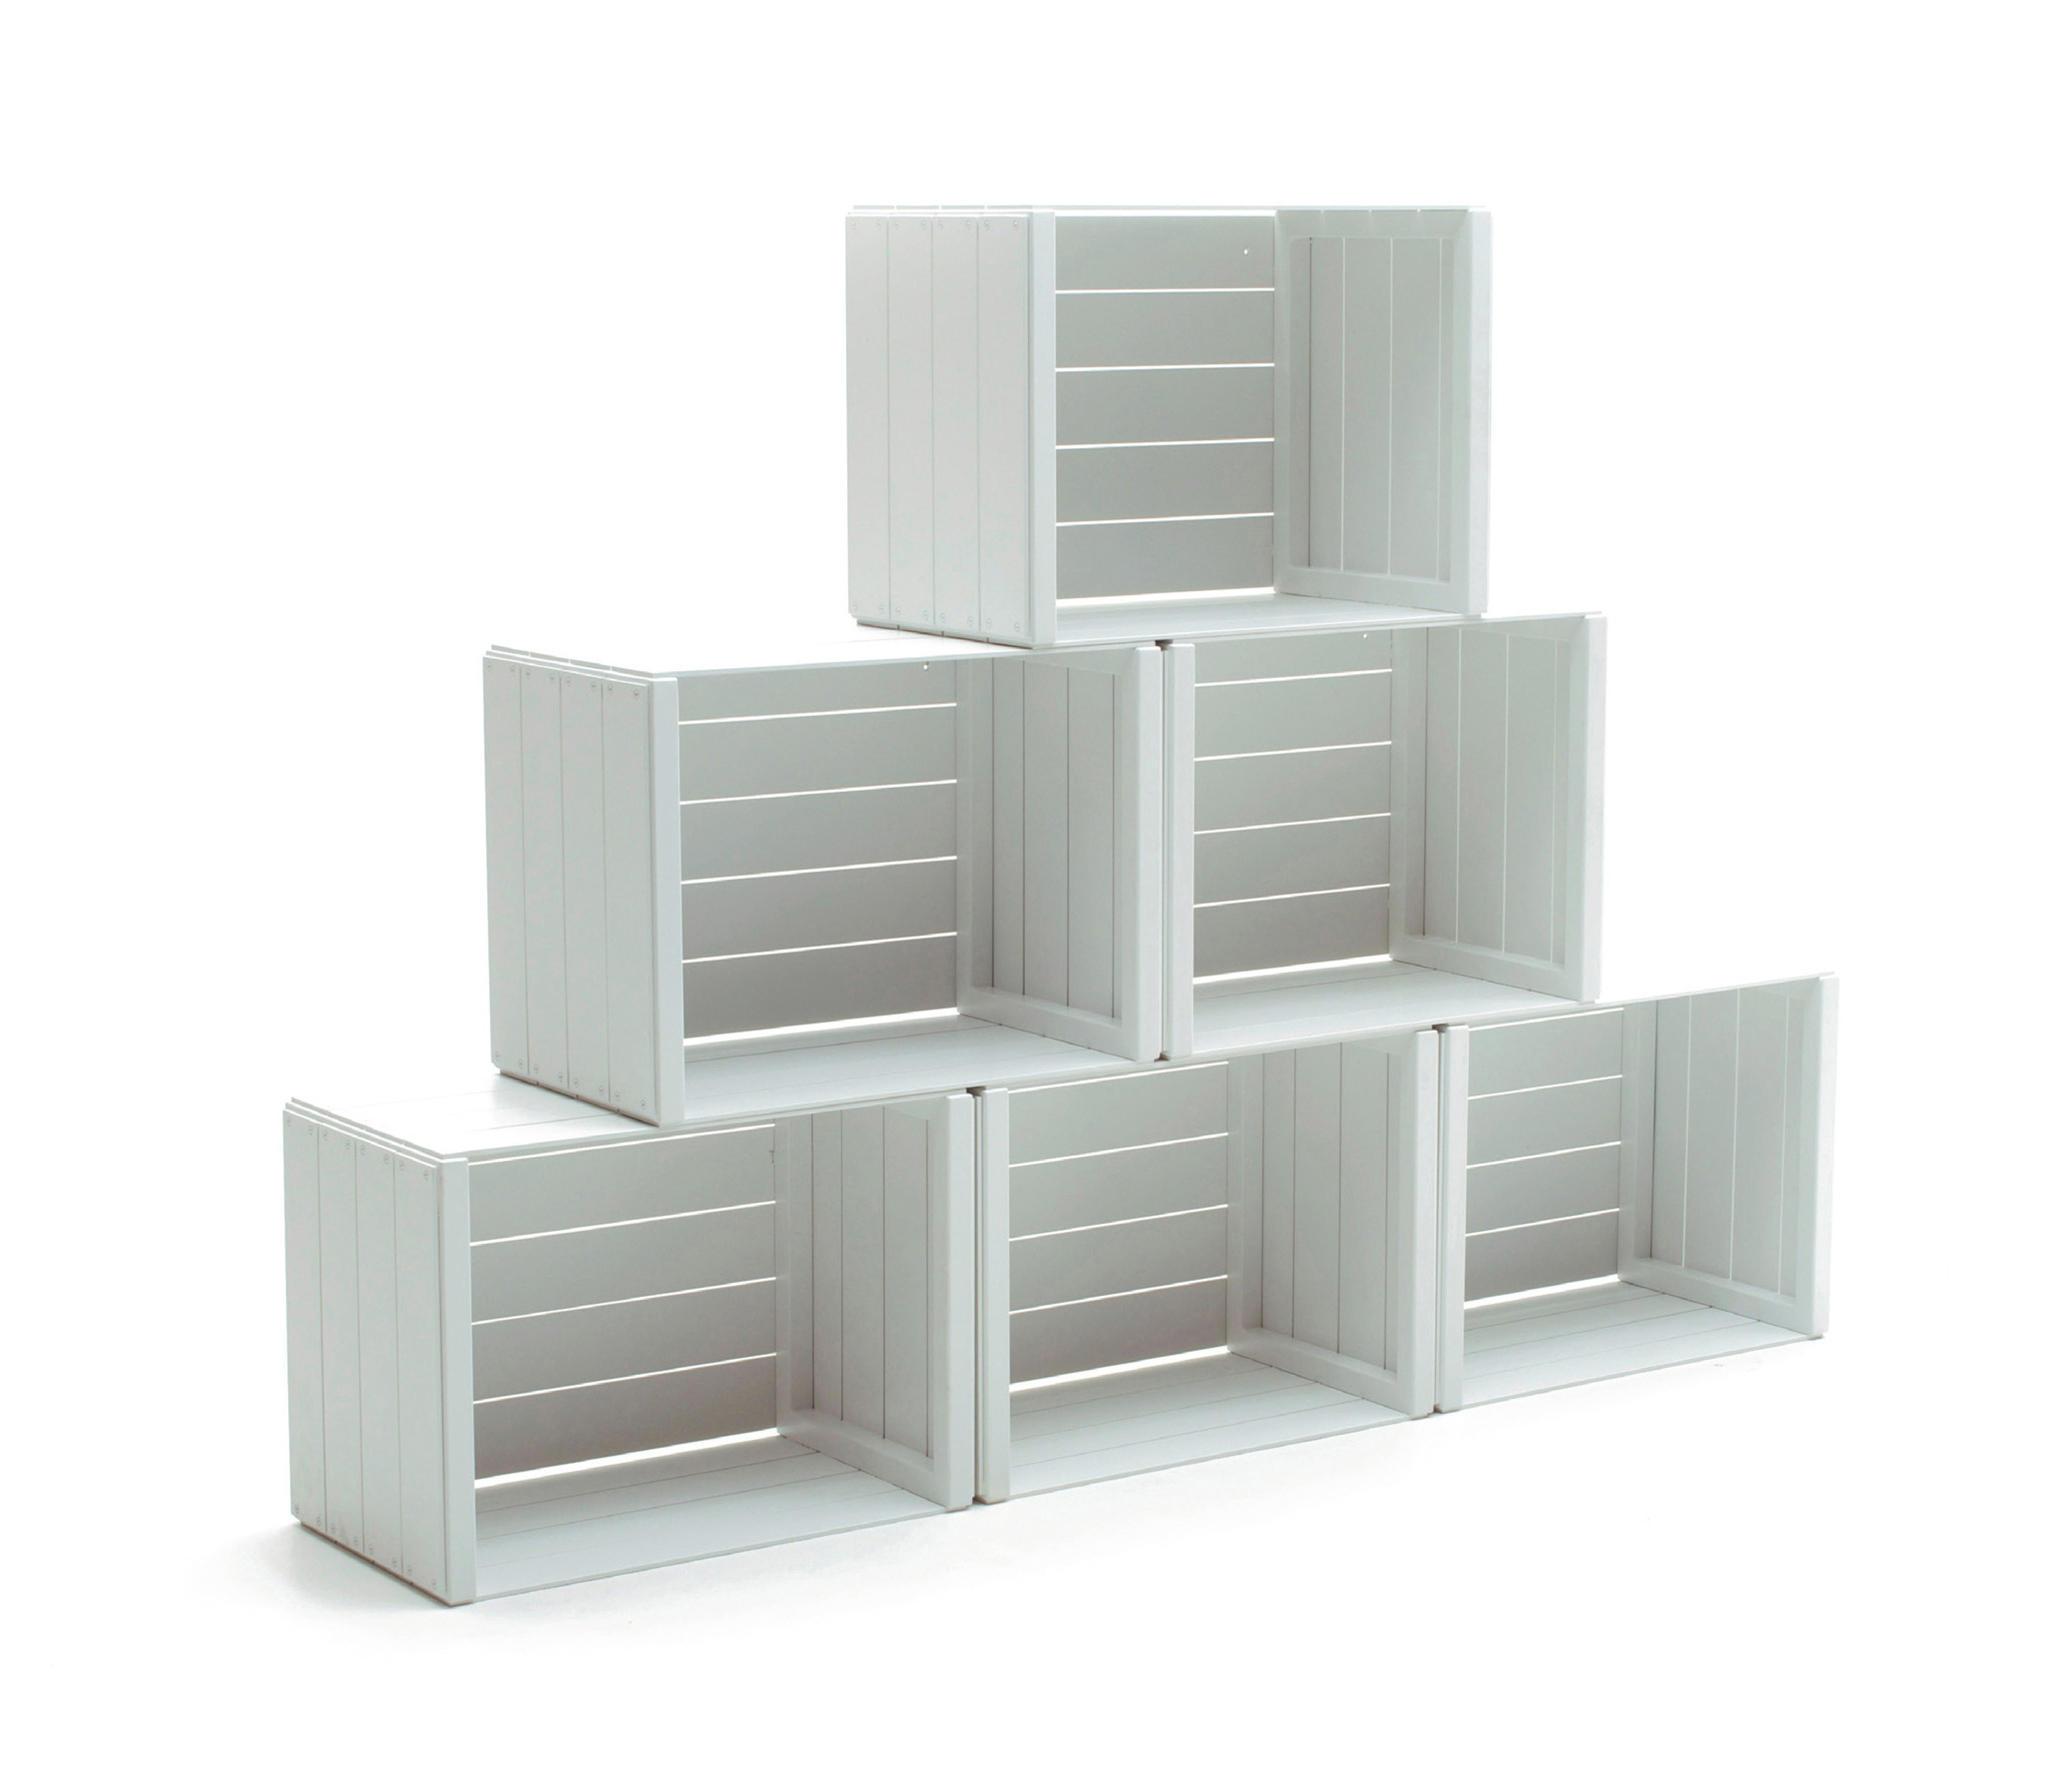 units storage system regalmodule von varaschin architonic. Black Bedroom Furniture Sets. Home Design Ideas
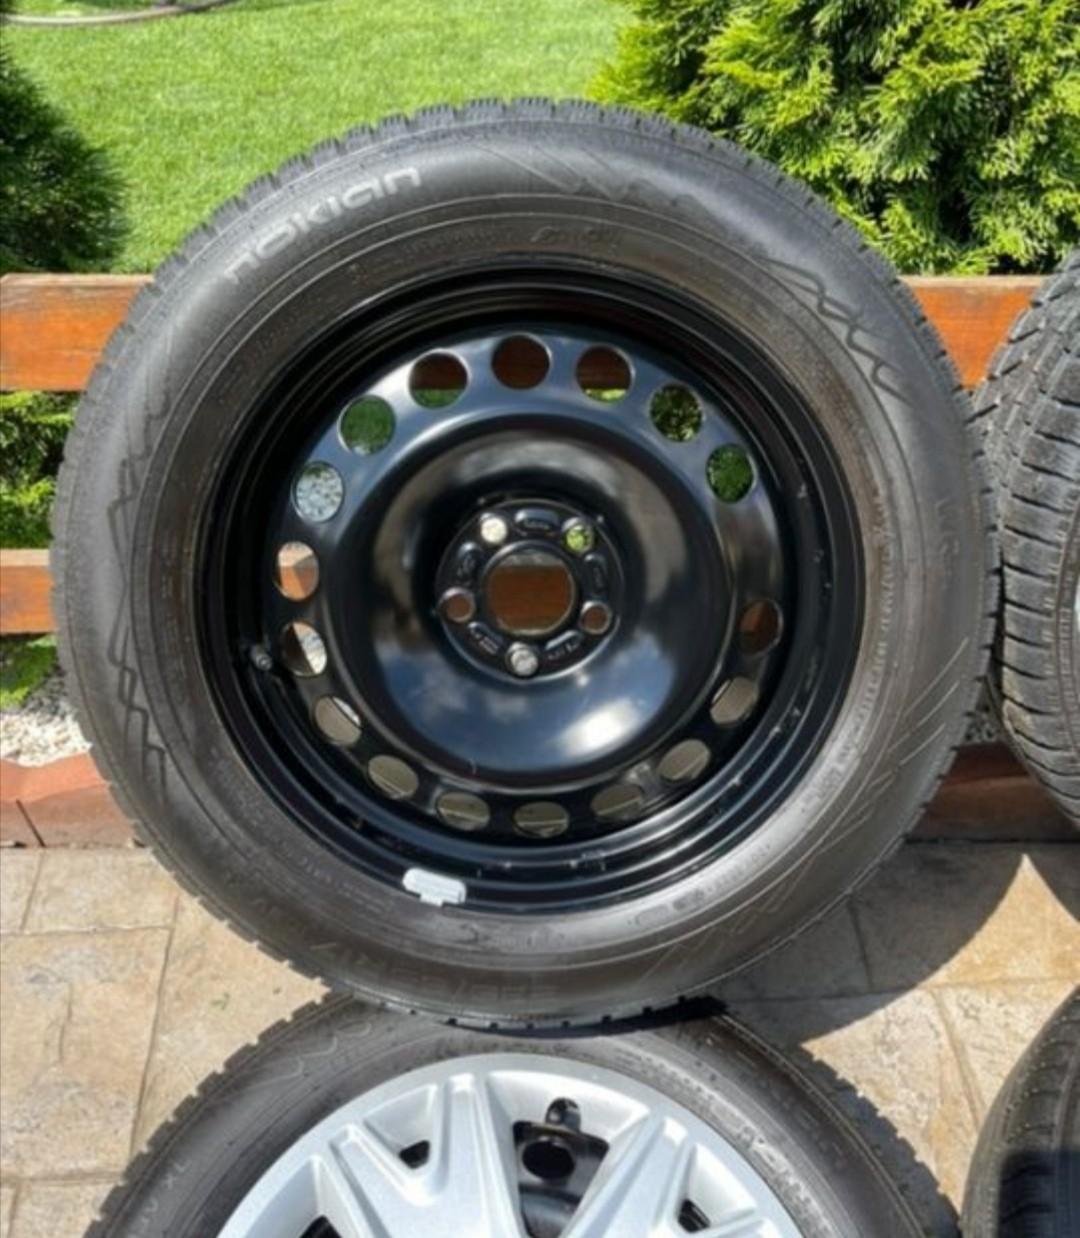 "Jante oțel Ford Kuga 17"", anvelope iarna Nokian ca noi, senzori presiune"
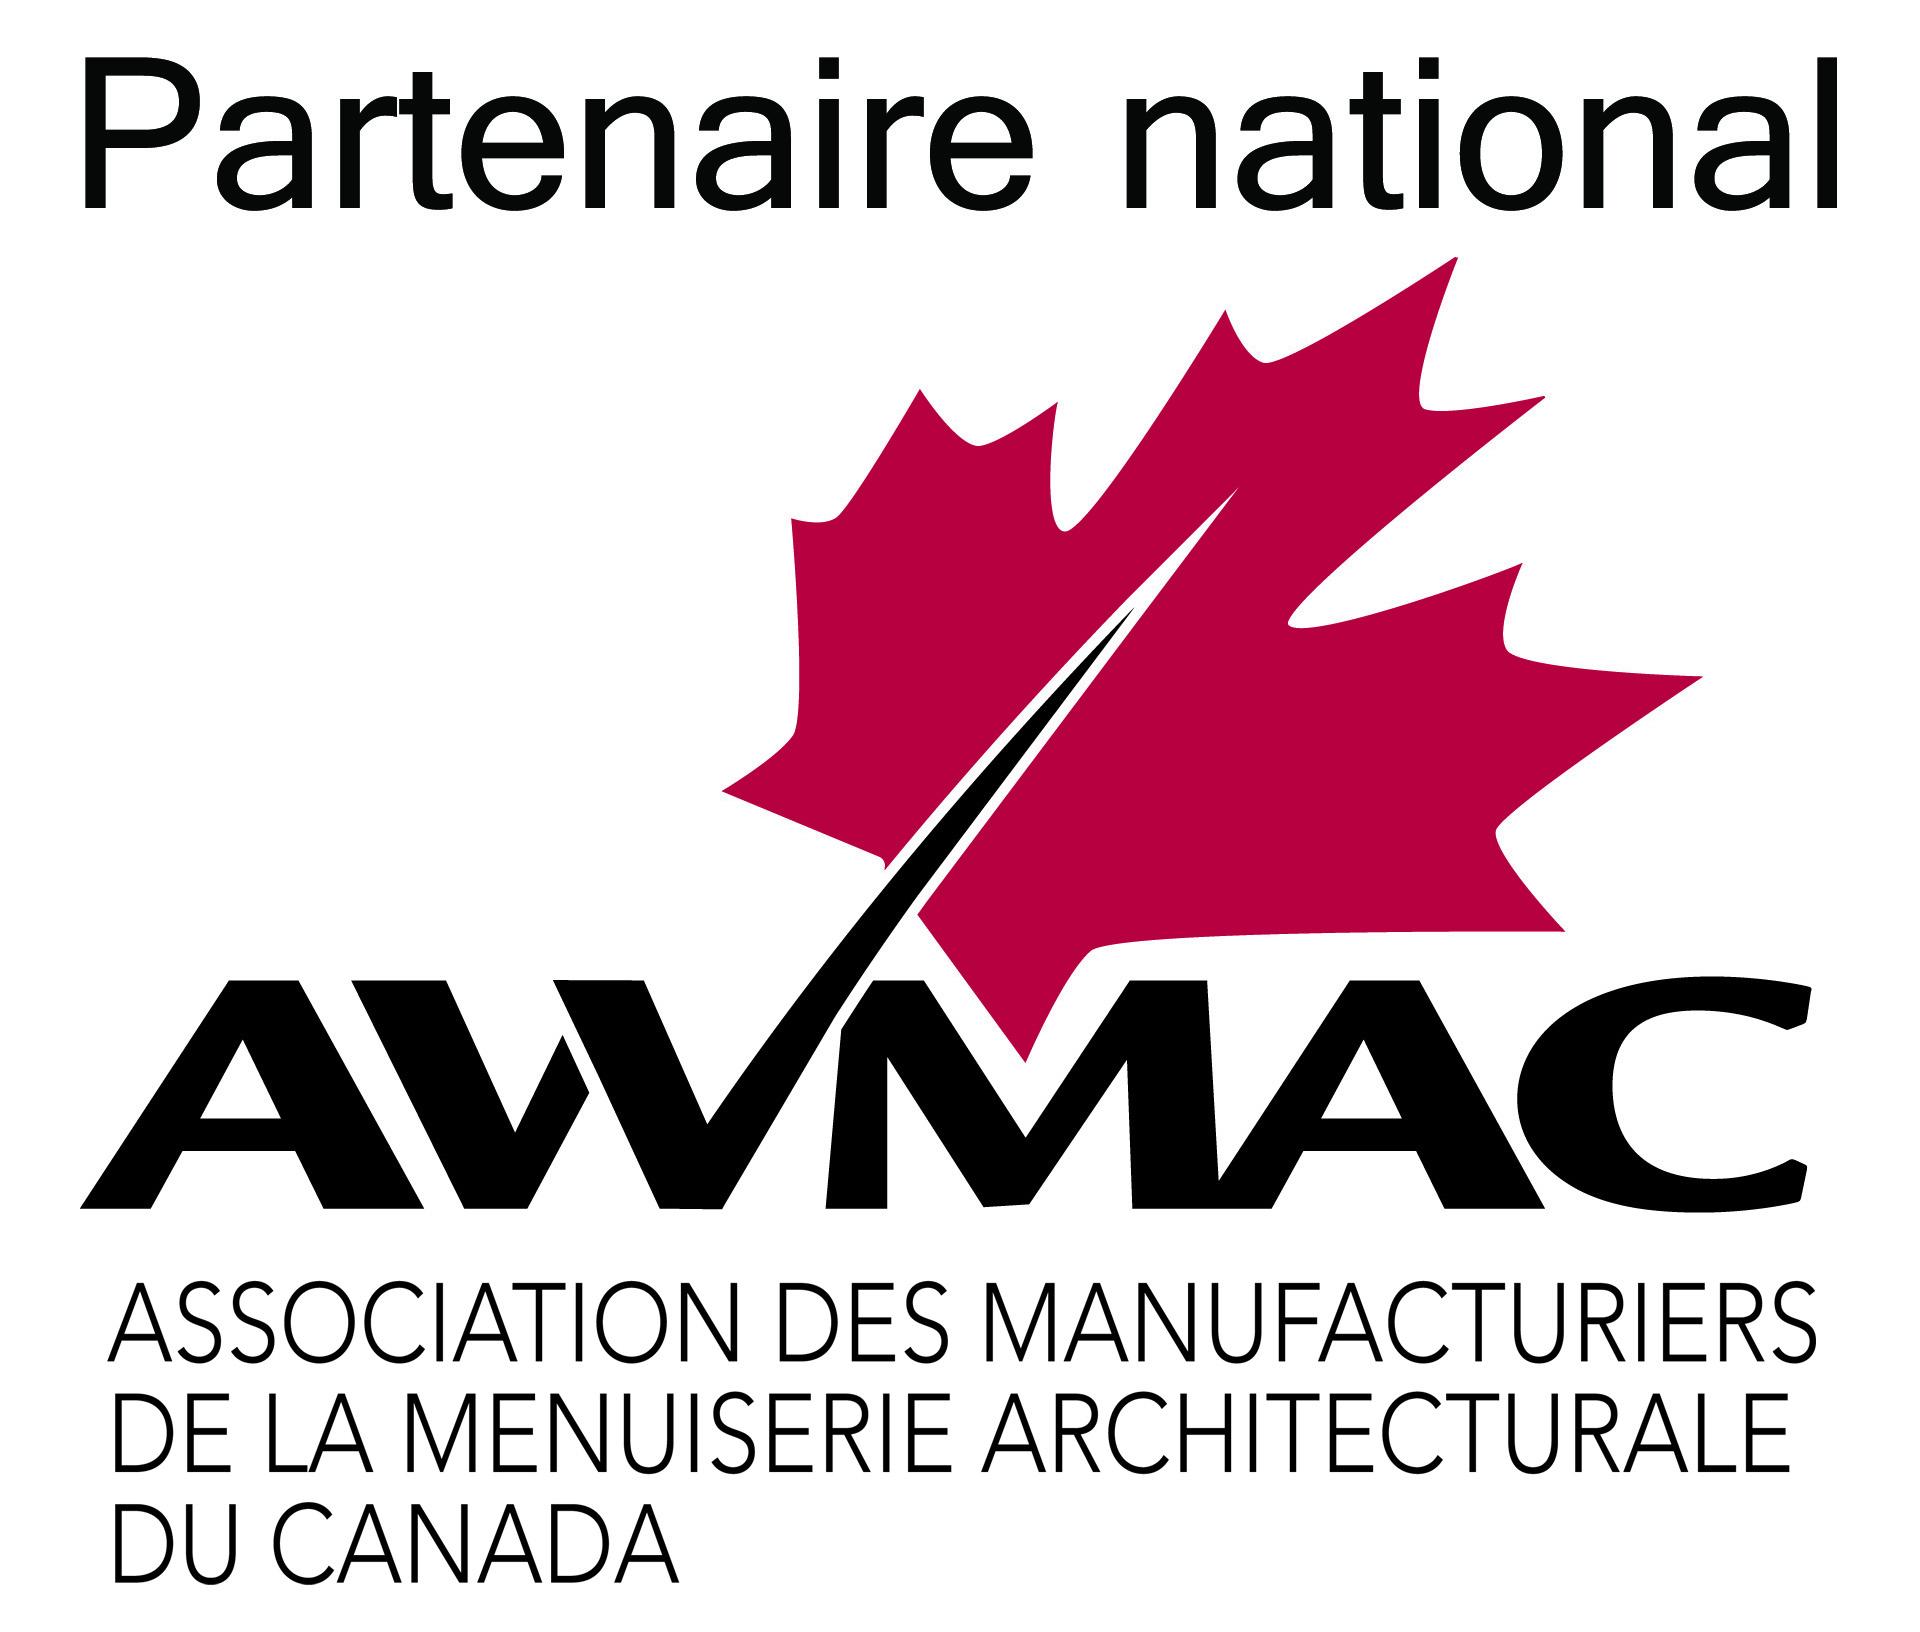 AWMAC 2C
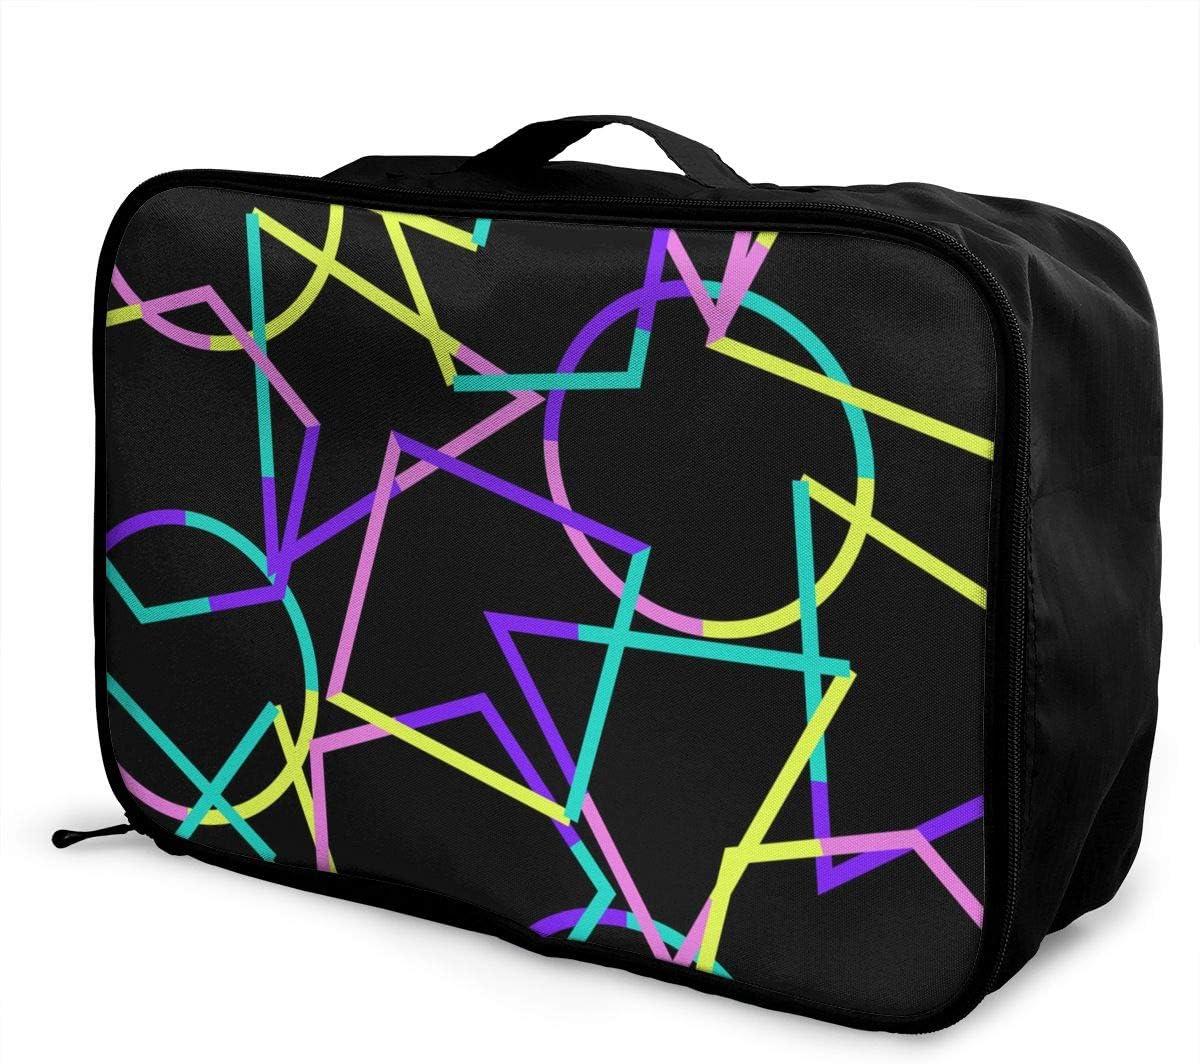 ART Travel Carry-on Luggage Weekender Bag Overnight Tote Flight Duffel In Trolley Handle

====================

WORK TO BE COMPLETED: Word for word, repeat the material above and drop the pictures.

WRITTEN RESPONSE:
 units storage system regalmodule von varaschin architonic. Black Bedroom Furniture Sets. Home Design Ideas
 "Jante oțel Ford Kuga 17"", anvelope iarna Nokian ca noi, senzori presiune"
 AWMAC 2C
 ART Travel Carry-on Luggage Weekender Bag Overnight Tote Flight Duffel In Trolley Handle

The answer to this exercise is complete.